During his teenage years, his girlfriend's mother, through some sort of alchemy and perhaps a bit of luck, was able to turn the detestable foodstuff into croquetas he can never forget. They appear on the menu at Sala'o, whose name is a reference to Hemingway's The Old Man and the Sea.
Here, though, grouper replaces government-issued seafood paste. Mas and his crew make an aporreado de pescado, a kind of stew with onion, garlic, tomato, a bit of ají picante seasoned with paprika, oregano, cumin, and bay leaf. In a separate pot, oil and flour cook down into a dark roux that's then combined with the grouper stew until it forms a thick paste that can be formed into a croqueta.
Not long after, Mas was pushed into a kind of hybrid agriculture college, Comandancia a la Plata, named for Fidel Castro's secret headquarters in the Sierra Maestra where he plotted his coup and was the staging point for his army's invasion of Havana.
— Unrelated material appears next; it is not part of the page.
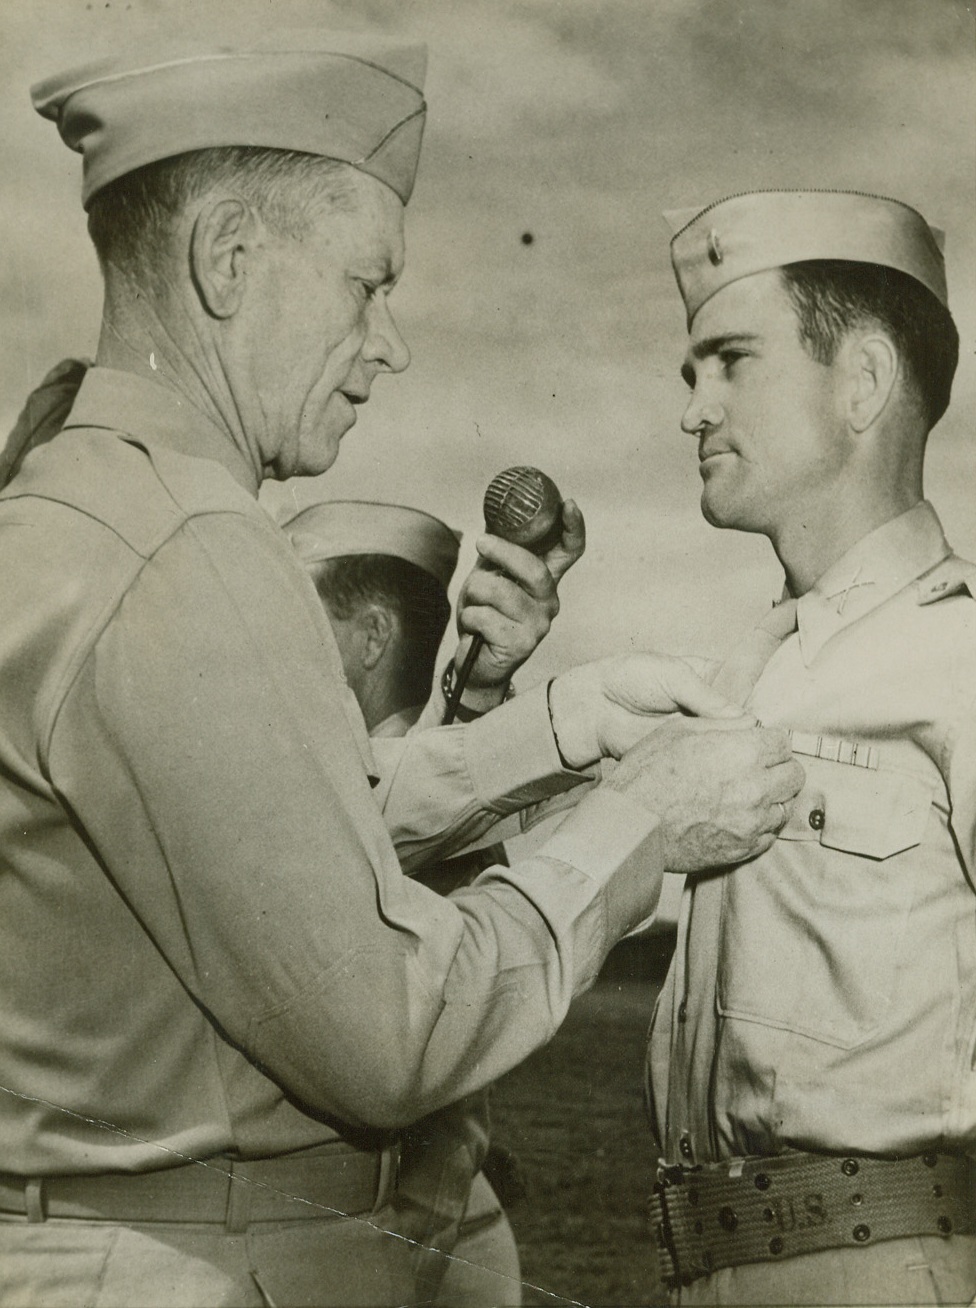 No Title. 12/29/1943. First Lieut. Thomas D. Hindmen, May, Tex., receives the Silver Star decoration for gallantry in action from Maj. Gen. Charles H. Corlett. His mother lives in May, Texas, where the lieutenant was born. His wife, Mary, lives at Carmel, Calif.;

"We used to do college in the morning, and in the afternoon, when all the kids were playing sports, we'd go out and work the land picking tomatoes, planting seeds," Mas says. "That's how the government found us productive."
Mas and the other students would spend the weekdays at the school, situated in the small town of Güira de Melena, about an hour's drive south of Havana, and return home for the weekend, mostly to stock up on food.
The school's food was barely edible, so students mostly brought their own. There was no refrigeration, so everything had to be canned or nonperishable. The students slept on cots, 50 in a room. Locked to each bed was a suitcase filled with tins of Spam, ham, hot dogs, or fish; Cuban crackers; perhaps some old cocoa powder; and a can of condensed milk called fanguito.
By midday Thursday, most of the students had run out of everything other than crackers and condensed milk. Luckily, the cloying syrup was so rich it rationed itself.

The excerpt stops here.